The first modern wave of conference realignment hit last summer when the Longhorns and Sooners ditched the Big 12 for the SEC, and now the next biggest shift in collegiate athletics has come flying in from the West.
According to a report from The Mercury News' Jon Wilner on Thursday, UCLA and USC are planning to leave the Pac-12 for the Big Ten as early as 2024. However, Wilner said the move has not been finalized at the highest levels.
ESPN senior college football writer Pete Thamel later confirmed Wilner's report, and added that the financial disparity between the Pac-12 and Big Ten has proven to be the biggest factor in UCLA and USC's decisions to pursue a move. According to USA Today, Big Ten schools earned payouts that ranged from $43.1 million to $49.1 million in the 2021 fiscal year, while Pac-12 schools earned payouts of $19.8 million.
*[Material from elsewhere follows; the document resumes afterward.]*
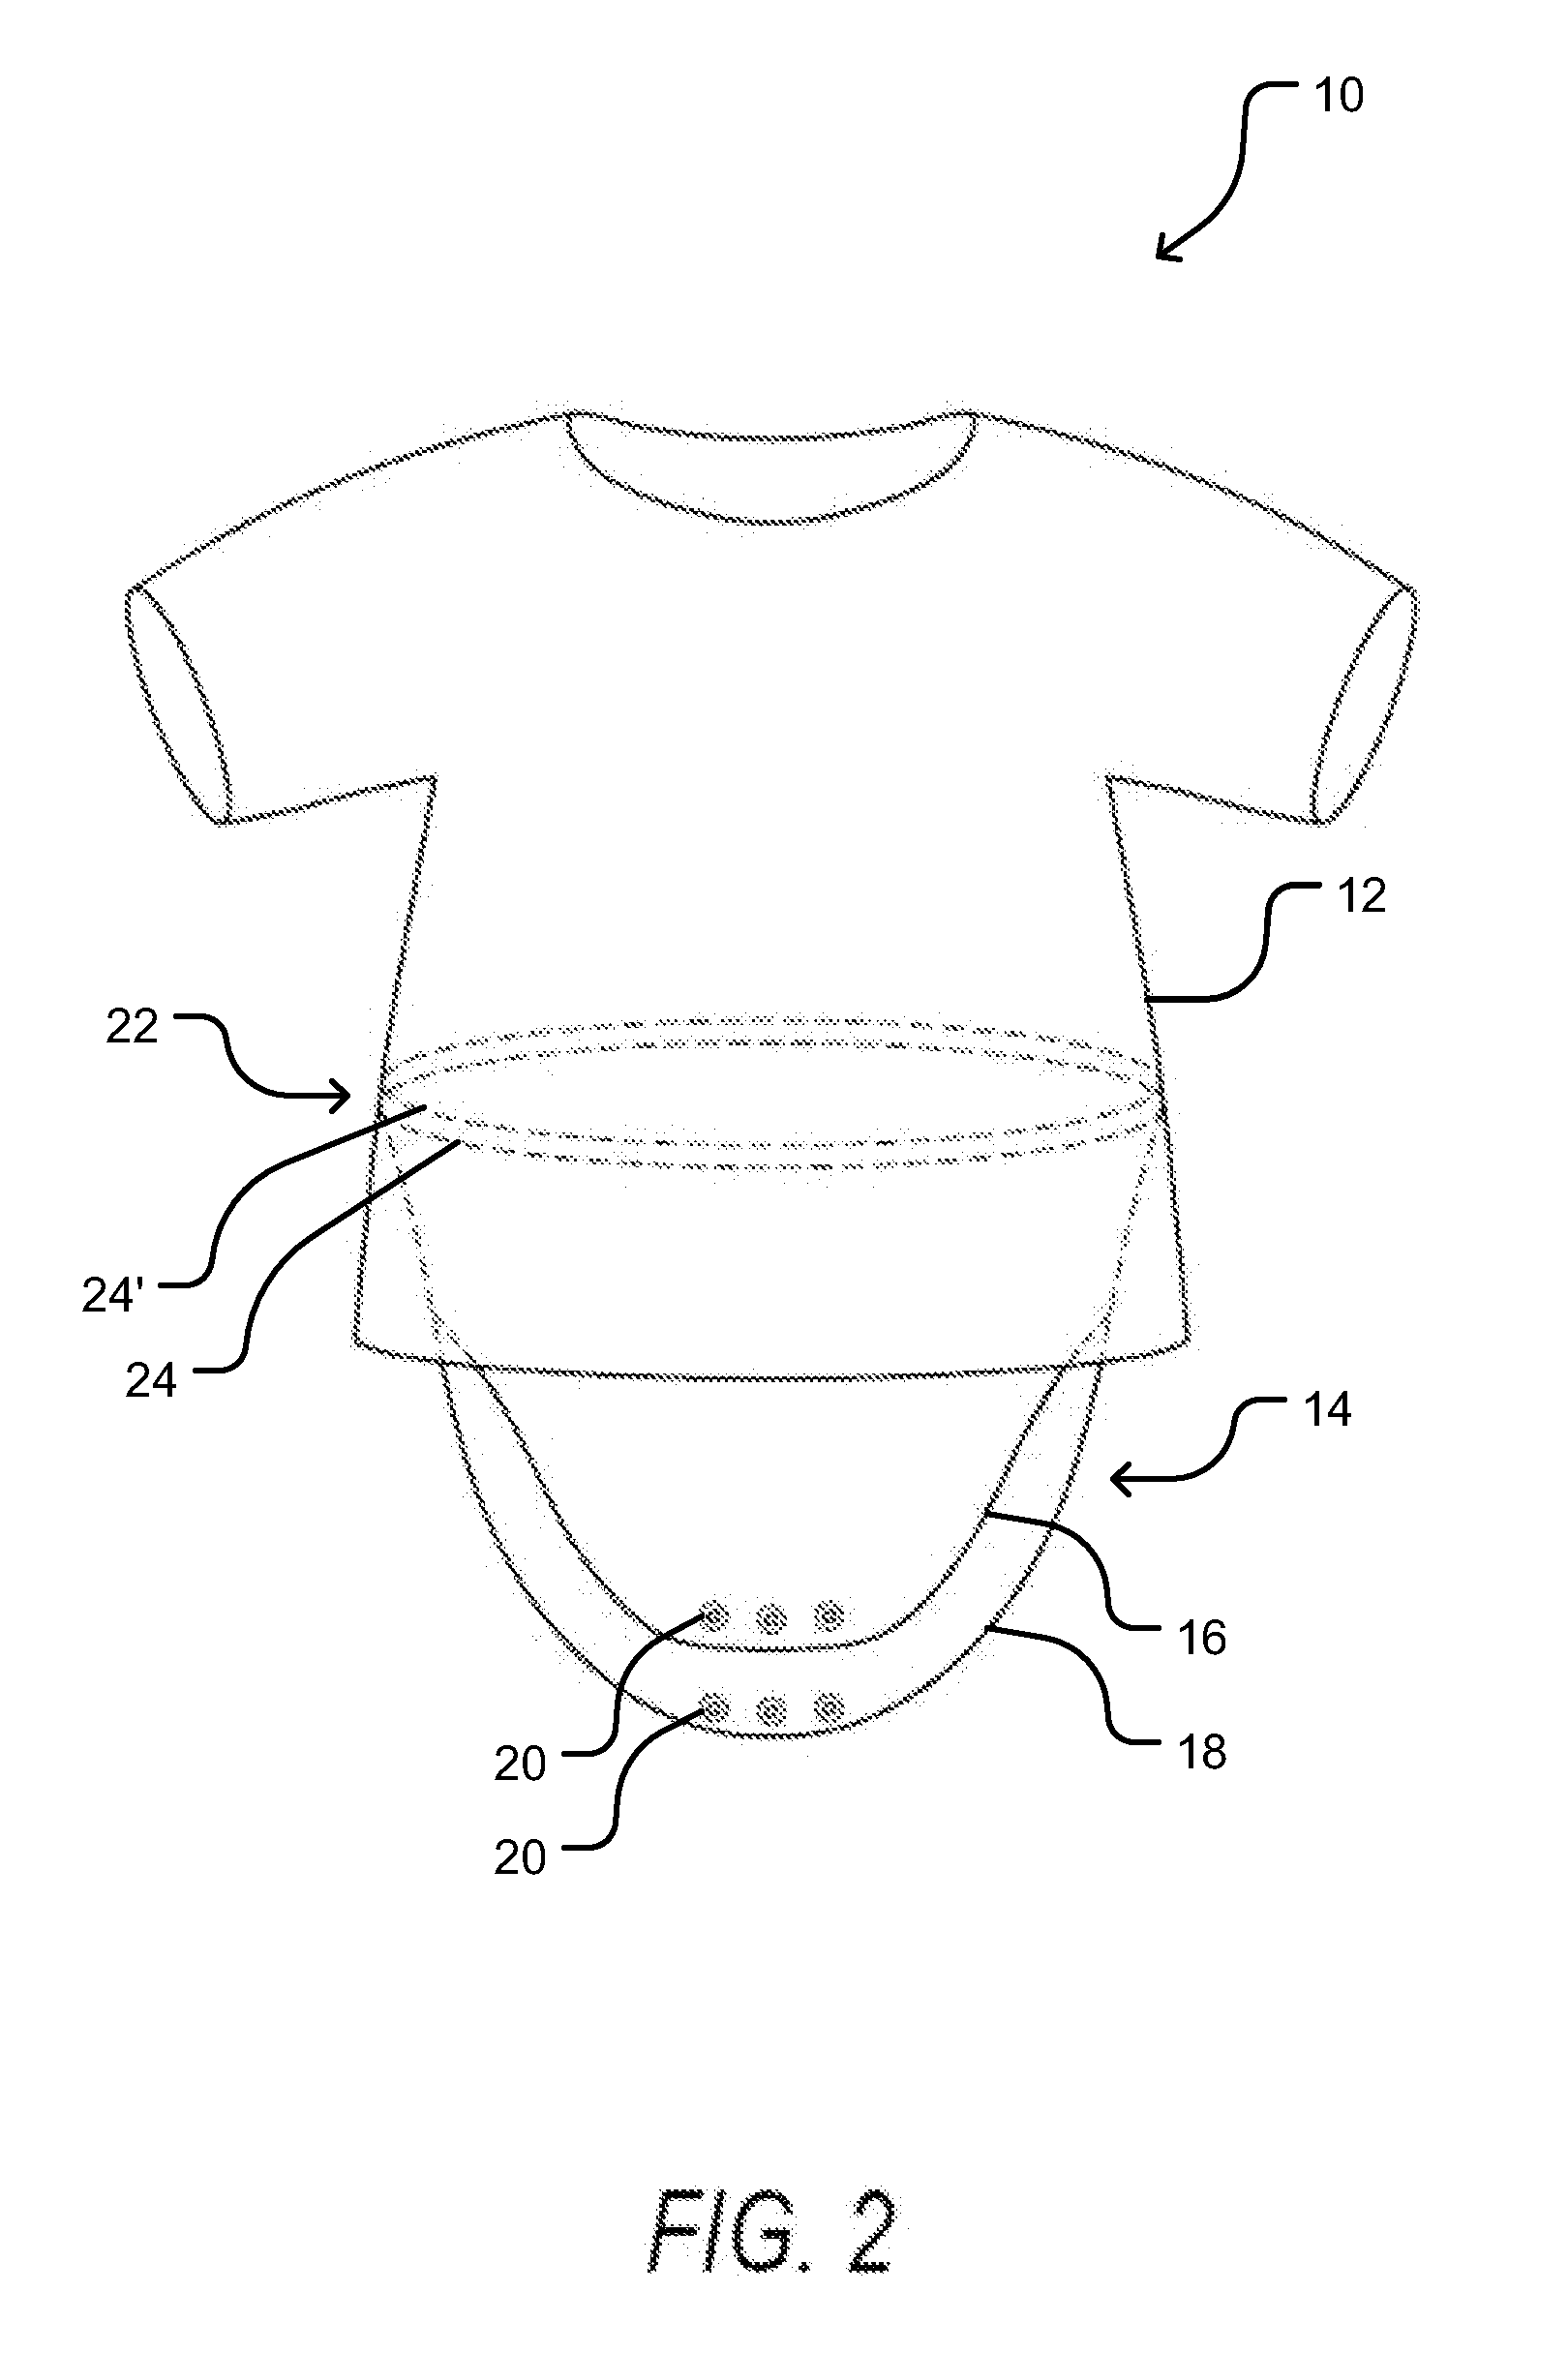 Upper body garment

Thamel also said one Pac-12 source was "stunned" that UCLA would leave Cal behind, splitting the two flagship University of California campuses between two conferences.
UCLA Athletics has yet to respond to All Bruins' request for comment.
There were rumors in 2021, following the reshuffling of the Big 12, SEC and AAC, that the Pac-12 would expand or merge with another conference. Those rumors were put to bed in August, though, when the Pac-12, Big Ten and ACC announced The Alliance – a holistic partnership that would double as a voting block to unite the three power conferences in any NCAA or FBS disputes.
Less than a year later, the Bruins and Trojans appear to have unhitched their wagons from the conference they have been keystone members of since the 1920s.
While UCLA football was not among Forbes' top 25 most valuable college football programs in the country last year, it was at No. 24 as recently as 2018, according to the Wall Street Journal. USC, meanwhile, still came in at No. 17 last year, despite boasting a 22-21 record over the past four seasons.
The Trojans brought in Oklahoma coach Lincoln Riley at the end of last season, and they are expected to once again approach the heights they reached under Pete Carroll in the mid-2000s. Those expectations could very well shift with an impending move to the Big Ten, though.
The Pac-12 has not sent a representative to the College Football Playoff since the 2016 season, while the Big Ten has had Ohio State, Michigan and Michigan State appear in the four-team bracket over the past eight years.
UCLA men's basketball is the winningest program in NCAA history, and USC is on the rise as well. Again, though, the Pac-12 hasn't produced a men's basketball NCAA champion since 1997.
The Big Ten hasn't had a men's basketball national champion since 2000, despite Michigan, Michigan State and Wisconsin making frequent trips to the Final Four in that time.
Football and men's basketball – being the highest-grossing sports in the college landscape – will undoubtedly draw most of the focus for this reported move by the Bruins and Trojans. Both schools, however, have over 100 total NCAA championships and thrive in Olympic sports more so than revenue sports.
Travel expenses, scheduling and an imbalance of which schools endorse which sports will all be important topics of discussion as the situation develops.
Whether the Pac-12 replaces UCLA and USC – for example, with Boise State and San Diego State – or returns to a 10-team league also remains to be seen.
This article will be updated as more information becomes available.